* **BRIEF**:
Copy the data exactly as it appears, and do not include any pictures.

* **MATERIAL PROVIDED**:
****************************************
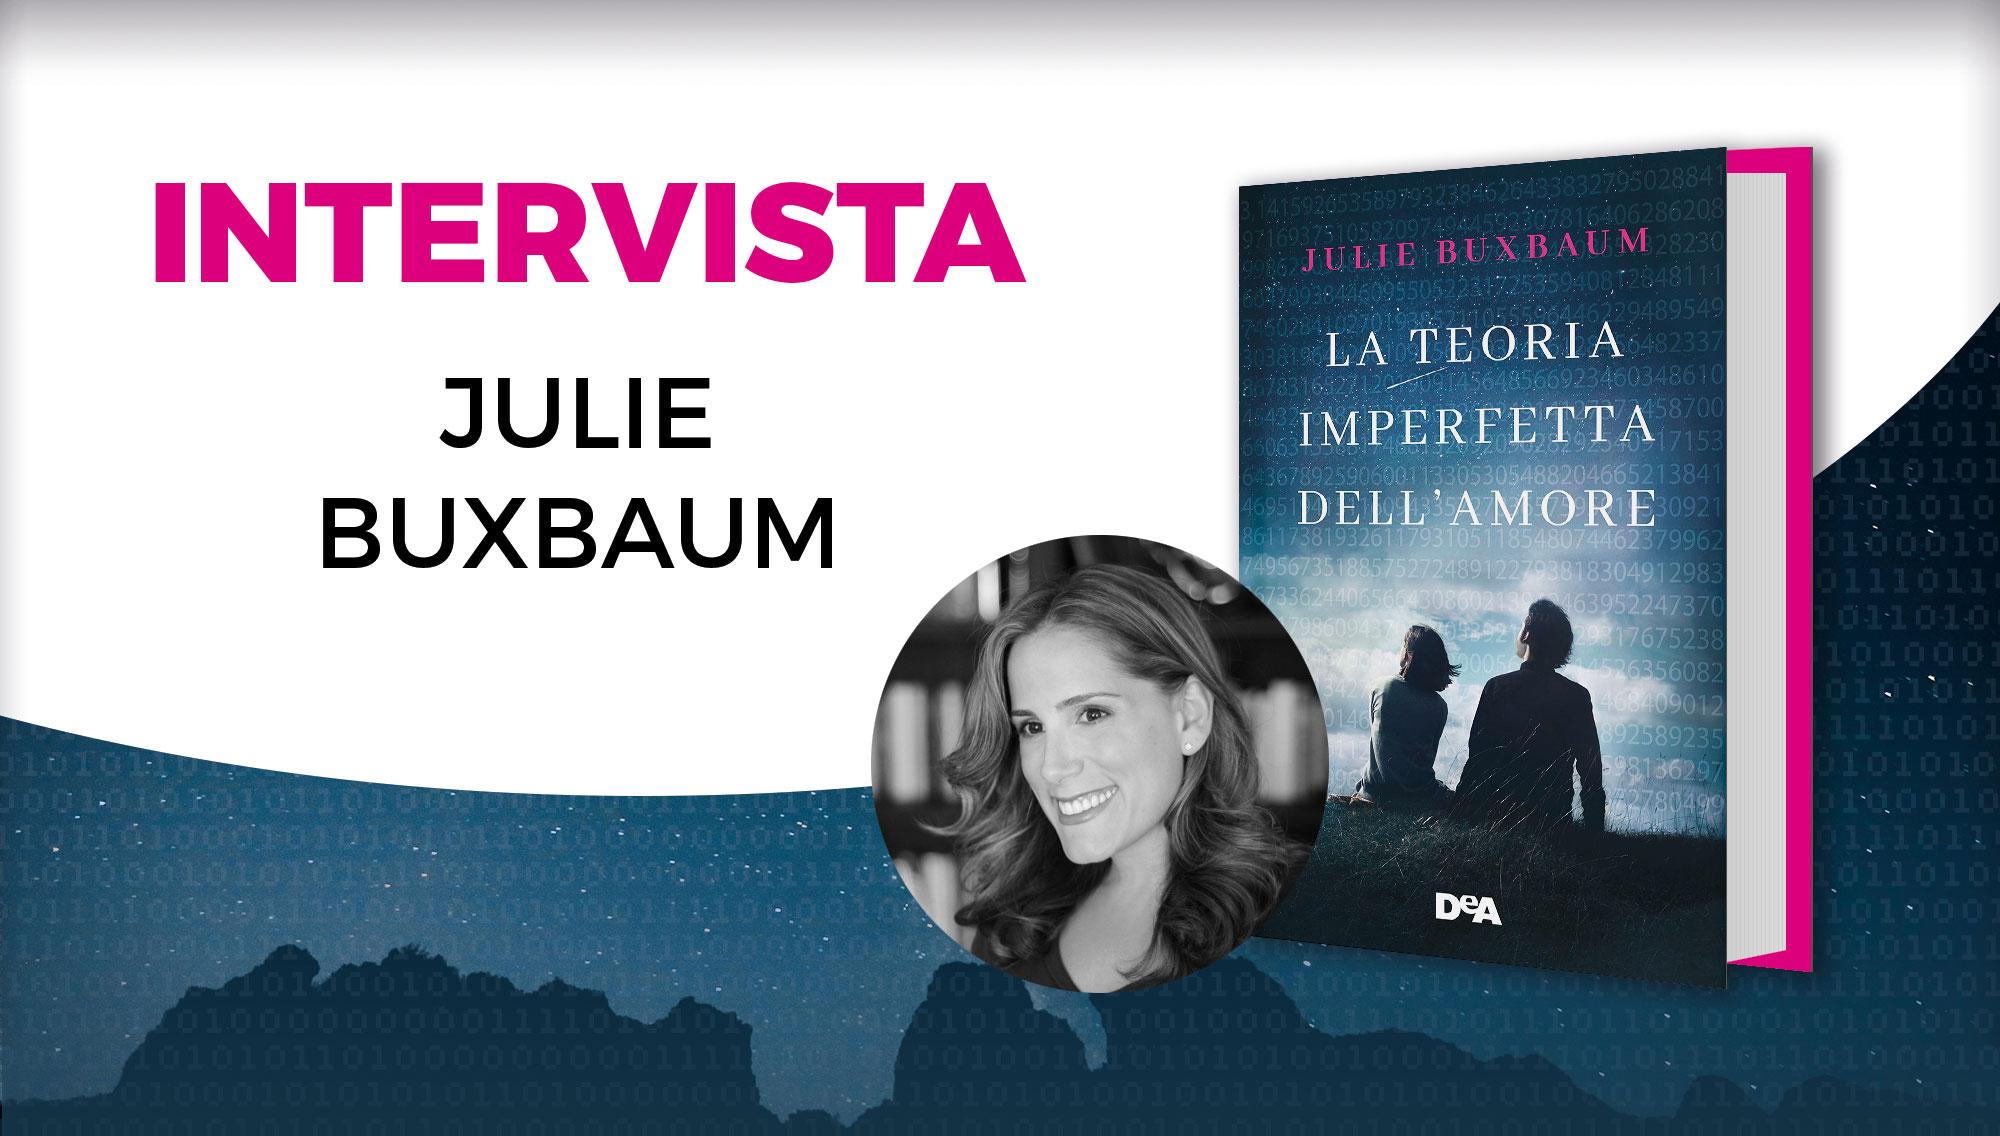 Intervista a Julie Buxbaum
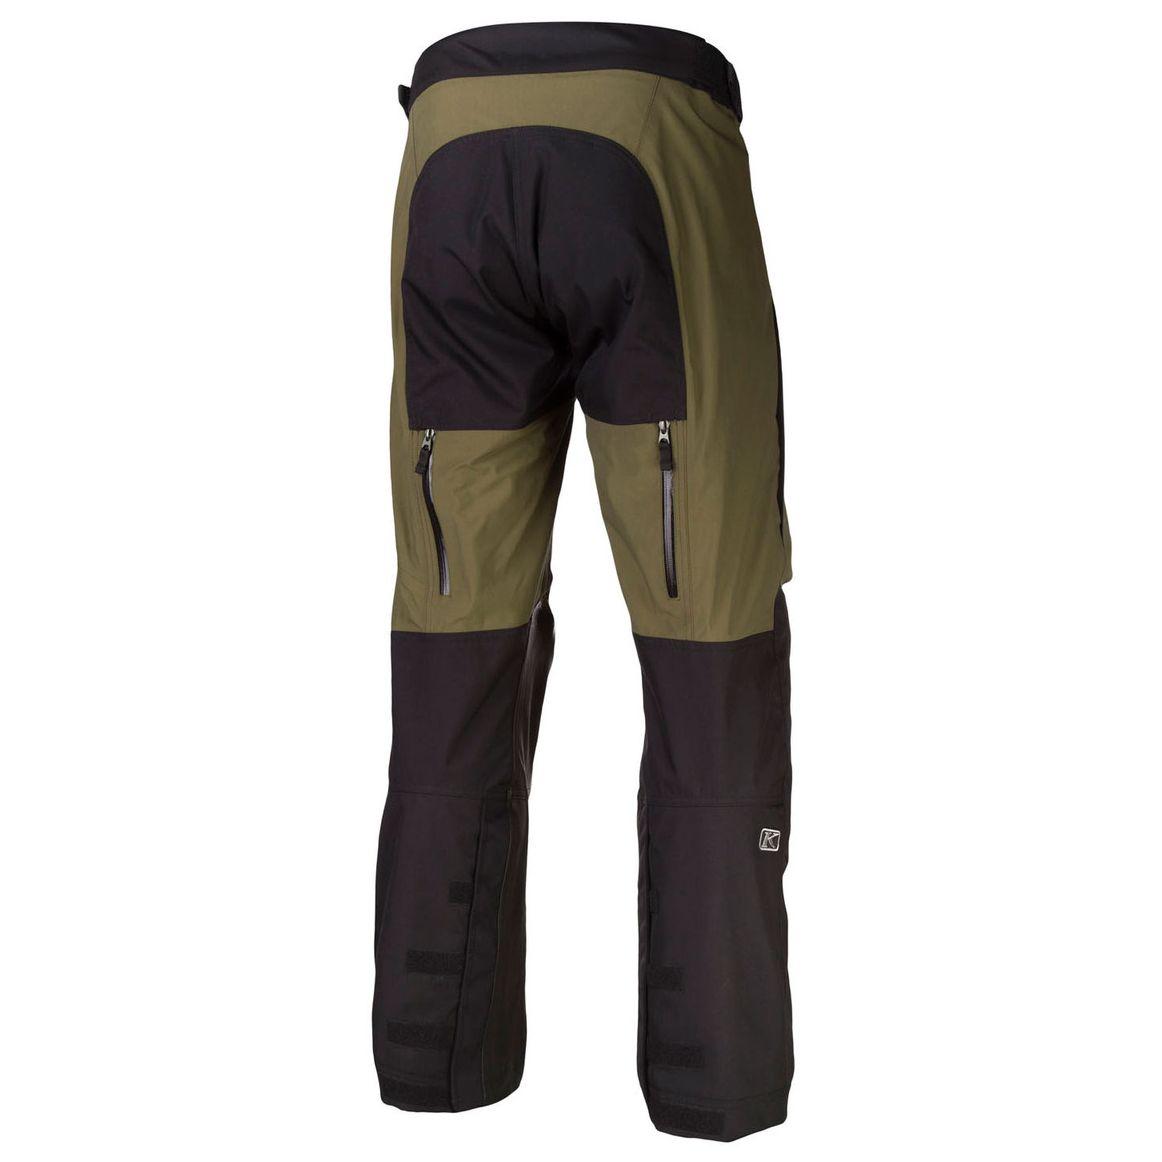 Pantalon moto anti chaleur
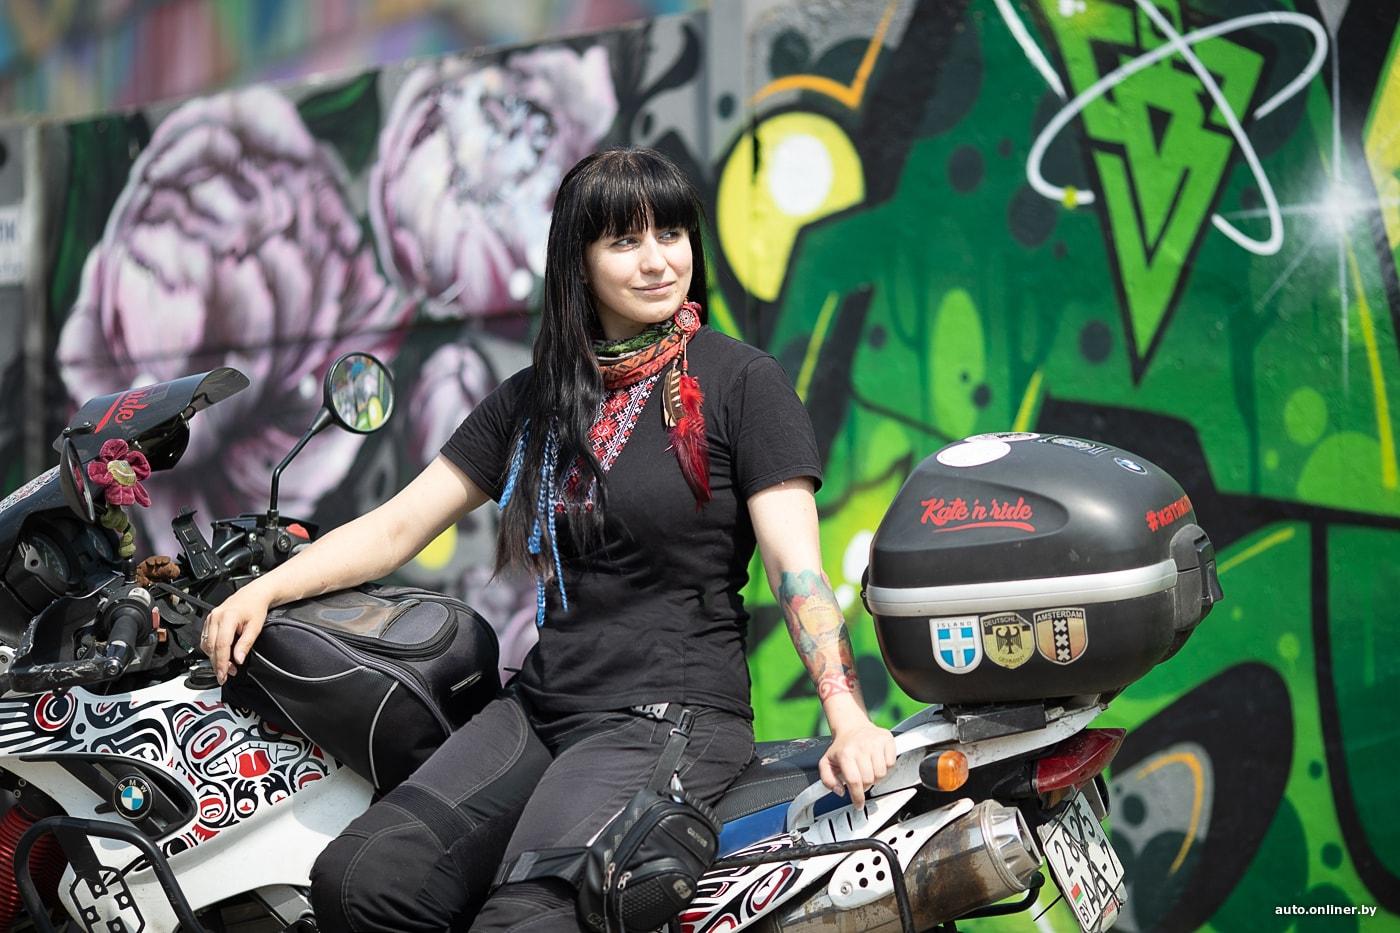 Катя катит. Минчанка первой из белорусок собирается совершить женское кругосветное путешествие на мотоцикле (25 фото)
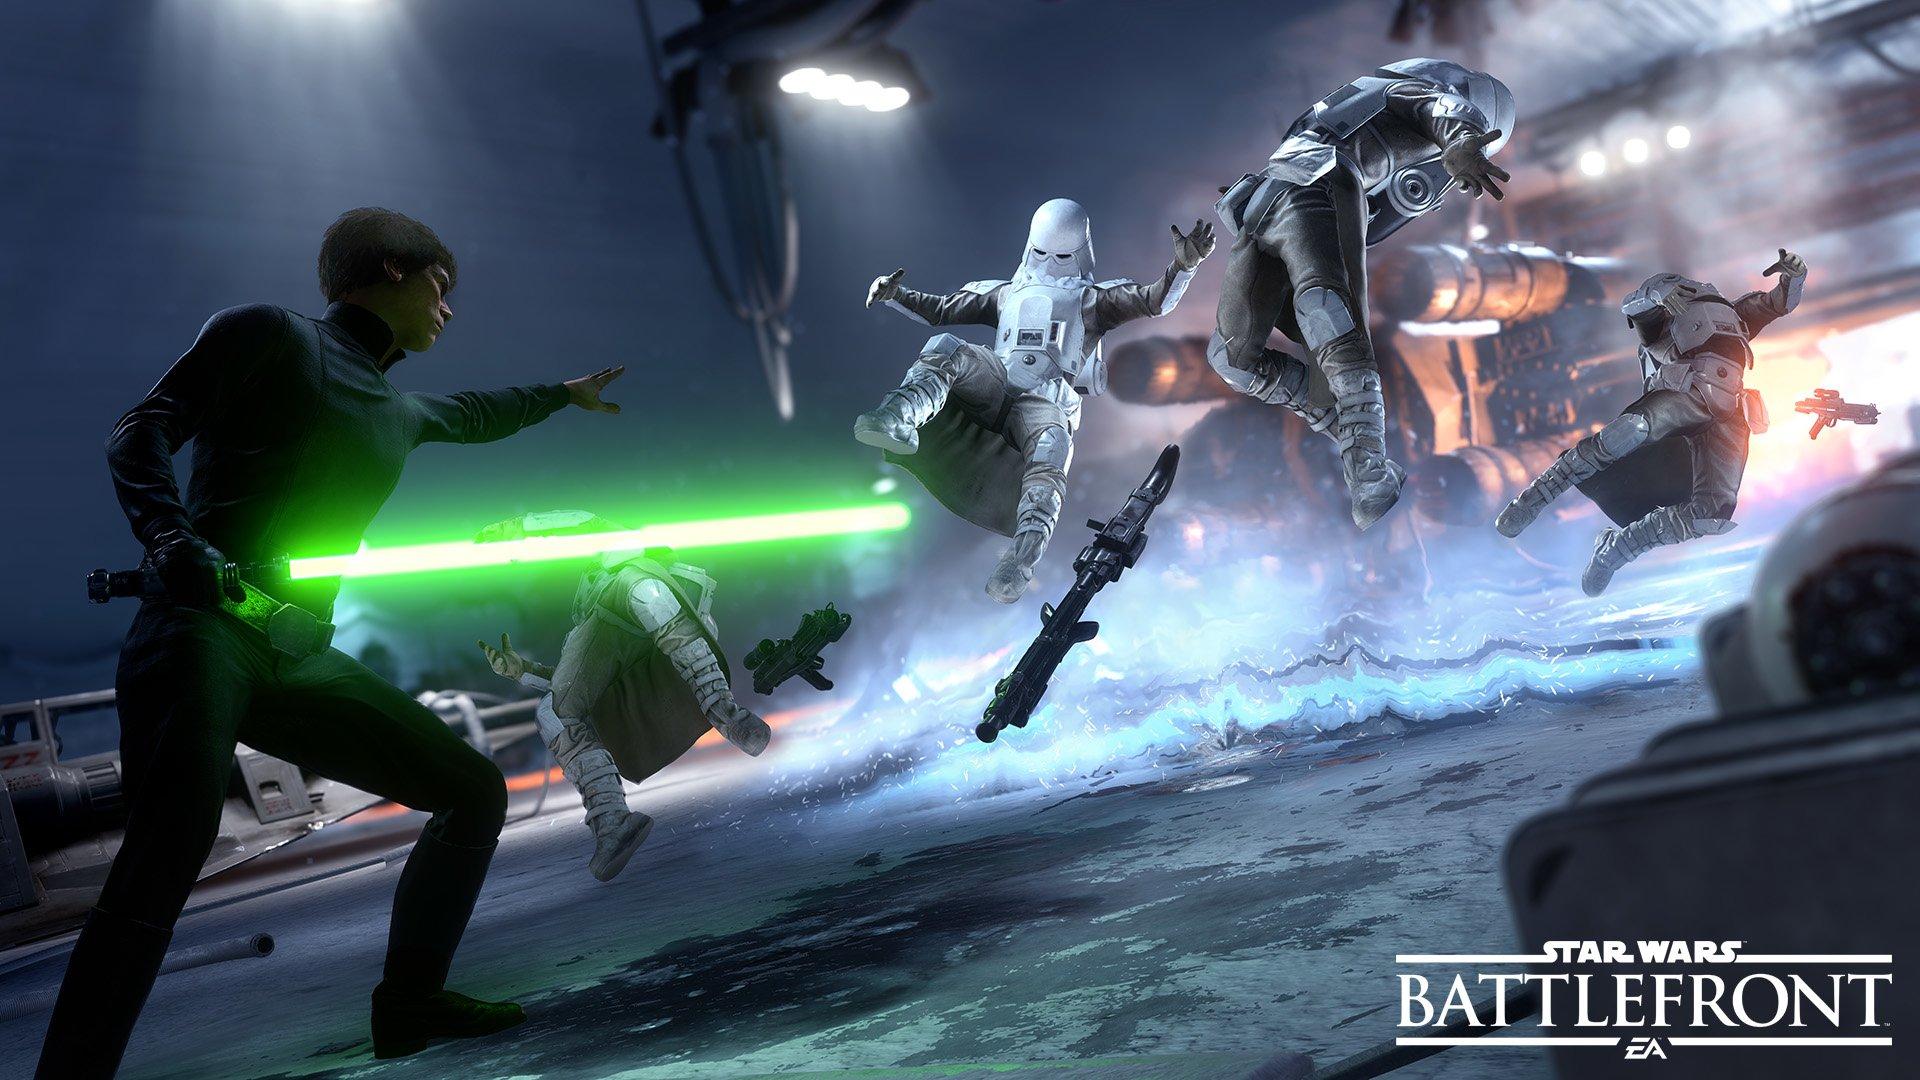 Video Game - Star Wars Battlefront (2015)  Star Wars: Battlefront Luke Skywalker Wallpaper
****************************************
* **COMPLETED TASK**:
 Intervista a Julie Buxbaum
 Pantalon moto anti chaleur
 Катя катит. Минчанка первой из белорусок собирается совершить женское кругосветное путешествие на мотоцикле (25 фото)
 Video Game - Star Wars Battlefront (2015)  Star Wars: Battlefront Luke Skywalker Wallpaper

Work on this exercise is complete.